CHAPTER XXIV
“O DEATH, WHERE IS THY STING?”
An hour later the dusty little cavalcade filed slowly up a steep and rocky hill and drew rein beside a strip of woodland on the summit. On every side the country rolled away, barren and broken with crags; here and there a low growth of juniper bushes or a solitary fig tree, where the soil was more fertile. The dragoons dismounted at M. de Baudri’s command and surrounded the spot. It would be impossible for any one to escape down that bare hillside unseen. De Baudri’s eyes burned fiercely; he thought his prey within his grasp. Le Bossu was lame from the long and weary walk, and his drawn face was white, but his expression was full of content.
“A whole hour,” he said to himself. “Please God she is out of reach!”
He obeyed a motion of M. de Baudri’s hand and led the way into the wood. It was not thick and there was but little underbrush, for even here the ground was rocky and uncharitable. He looked about as he walked, as if he wanted to remember even little things now; almost all the trees were chestnuts, these and mulberries growing best in the neighborhood of Nîmes. He noticed the moss and the lichens, and here and there a wild vine trailed across the way. The wind blew keenly now from the north, and overhead the gray clouds hung low, but the west was glorious, the sun hanging just above the horizon. The hunchback noted all these things, and he heard the heavy tread of the men behind him, the rattle of M. de Baudri’s sword. He walked on; a great peace was filling his soul, his pulses throbbed evenly, he lifted his head; his life was, after all, worth much,—it was to pay her ransom. He came to the centre of the wood and sat down on a large rock; before him the trees parted and he could look straight toward the west, the whole landscape at his feet. He drew M. de Baudri’s money from his wallet and cast it on the ground.
A suspicion had been dawning upon de Baudri since they had dismounted, and he halted now and stared fiercely from the cobbler to the despised coins, the price of blood.
“Sang de Dieu!” he thundered, “where is the grotto, slave?”
Le Bossu turned on him a calm face.
“There is none, monsieur,” he replied simply.
De Baudri broke out with a terrible oath, drawing his sword.
“You lying, humped toad!” he said, “how dared you do this?”
He made a move as if to strike him dead, and then a sudden thought checked him.
“Bah!” he ejaculated, “soil my sword with the blood of such vermin? I am a fool. Where is the girl?” he added fiercely. “Pardieu, I will wring your neck!”
“I do not know where she is,” replied le Bossu, truthfully enough, for he did not know where they were then.
“And you led us here to cheat us, slave?” said de Baudri. “A fine scheme—as you will learn to your cost. If I thought you knew where she was, I’d torture it out of you with hot irons.”
The cobbler did not look at him; his brown eyes dwelt on the distance, and his soul was uplifted by the approaching joy of self-sacrifice. He did not hear the abuse that M. de Baudri continued to pour upon him; his life was passing before his eyes, his wretched, abused childhood, his sharp mortification over his physical infirmity, his silent, intense longing for friendship and love, his despised solitude, his hard, thankless labor; and now it was over, and not in vain! “Mother of God,” he prayed, “comfort the wretched.” He awoke to hear M. de Baudri ordering his soldiers to bring a rope.

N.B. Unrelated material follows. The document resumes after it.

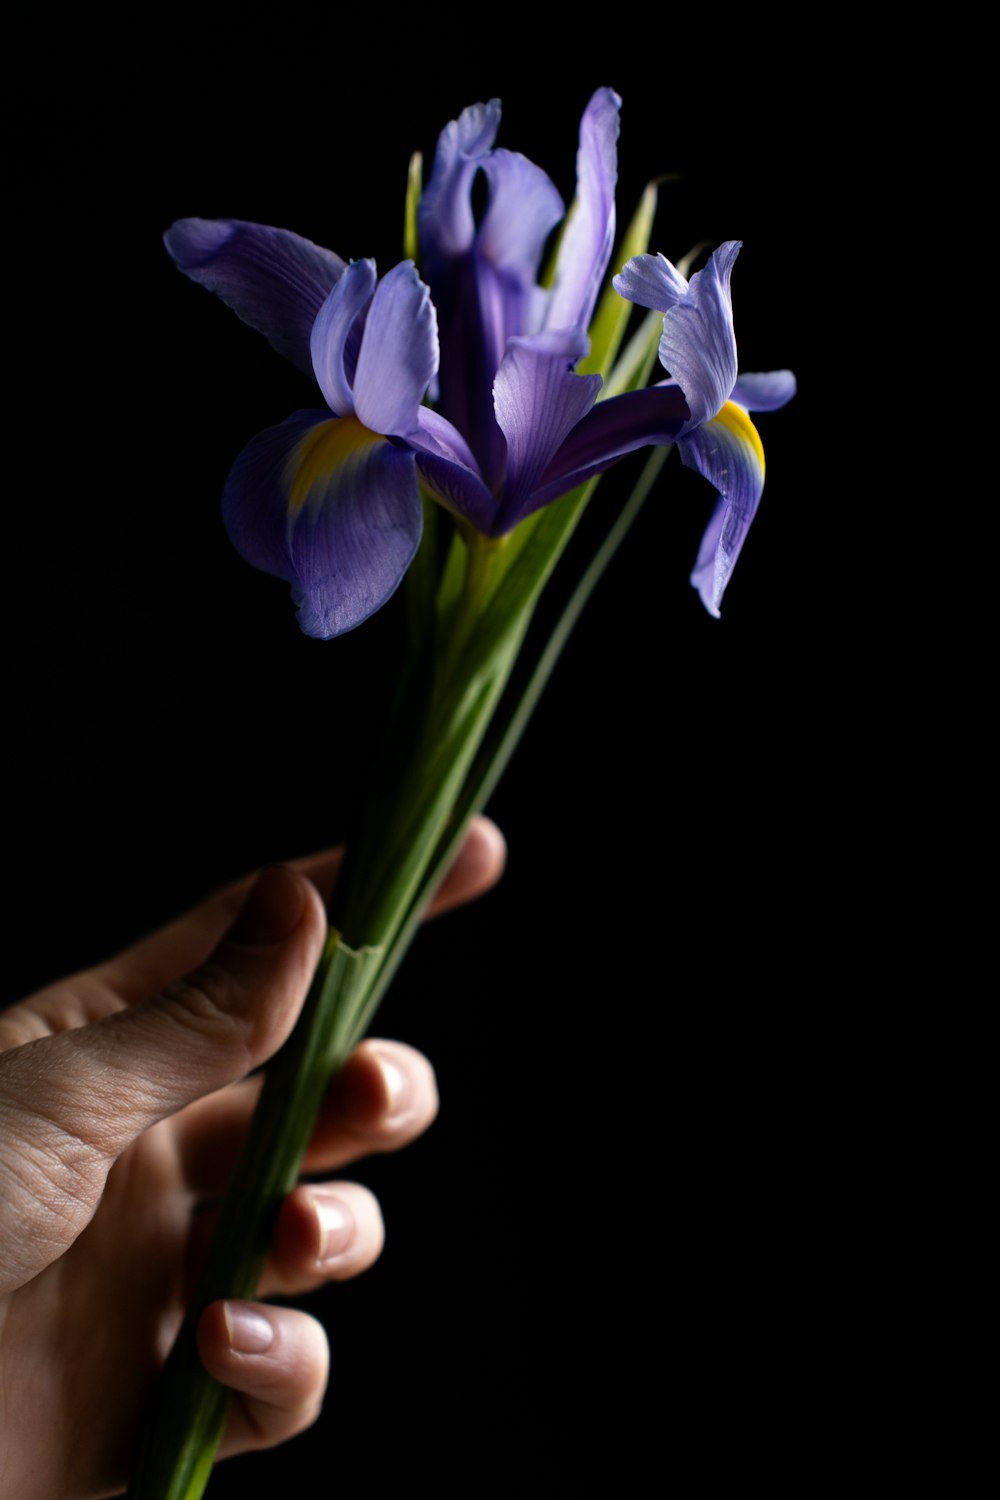 a person holding a purple flower in their hand
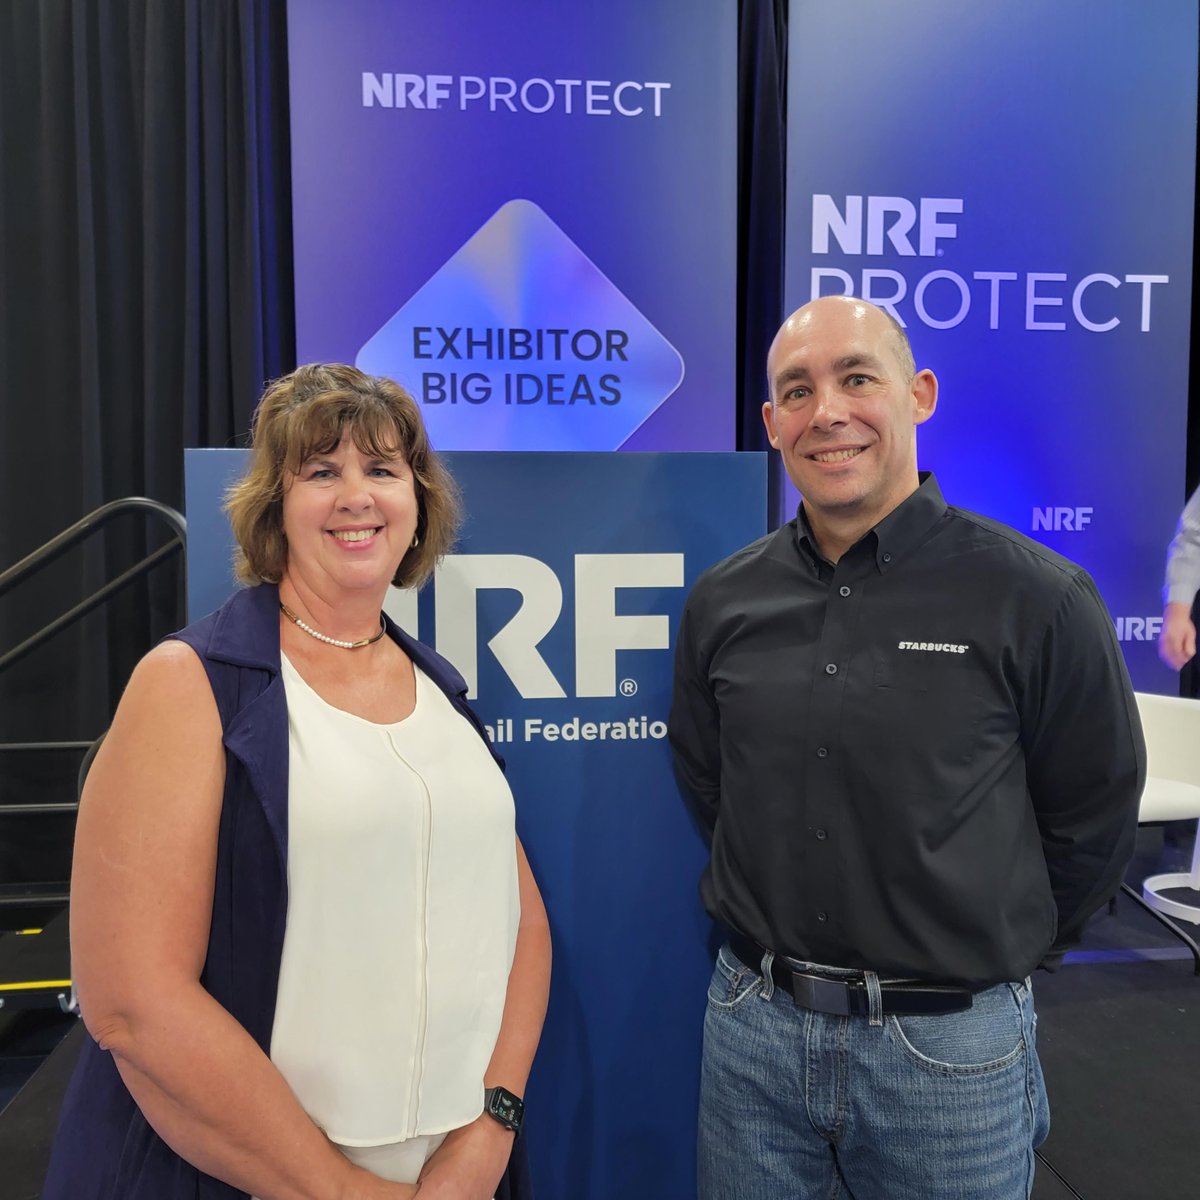 Appriss Retail and Starbucks took the Exhibitor Big Ideas stage at #NRFProtect2023 today to share how investigators can optimize their loss prevention monitoring and performance and focus on the cases that matter most.

A dragoon went for a piece that was coiled on the back of one of the horses. The troopers never hunted heretics without rope. He returned promptly, and approaching le Bossu was slipping the noose over his head, but another scheme had occurred to the leader.
“Hang him by the feet,” he said coolly, pointing with his white hand to a tree. “Sacrebleu! ’twill hurt more so.”
They secured the rope about the hunchback’s feet while their victim watched them with calm eyes.
“What matter,” he thought, “if I have saved her? May the bon Dieu make my sacrifice complete!”
De Baudri watched him coolly, wondering that the rapt face was so calm.
“When I give the order,” he said to the soldiers, “haul him up and let him hang twenty minutes. Now, rogue, where is the girl?”
No answer; the clear eyes looked straight toward the setting sun, over the beautiful valley of the Vaunage. The radiance of the west fell on his face, as though he looked through those golden gates into Paradise.
“Nom de St. Denis!” ejaculated de Baudri, “what a stubborn fool. Now, my men!”
He raised his hand carelessly and the cripple was drawn up by the feet to the limb of a tree, his head hanging with the face to the west. Ten minutes passed—twenty.
“Fire!” said M. de Baudri.
There was the crash of a volley, the blue smoke rose, the poor, misshapen body swung around in the red sunlight, and there was silence,—broken at last by the trample of horses as the troopers mounted and rode down the hill.
The sun set in a sea of gold; the gray clouds above turned the color of a red rose; a haze floated over Nîmes. In the wood, only the dead leaves rustled as they fell. In the upper room of the shop of Two Shoes, the candle before the shrine had burned down to the very end. It flickered and flared up, a single flame in the gloom, and then it went out forever.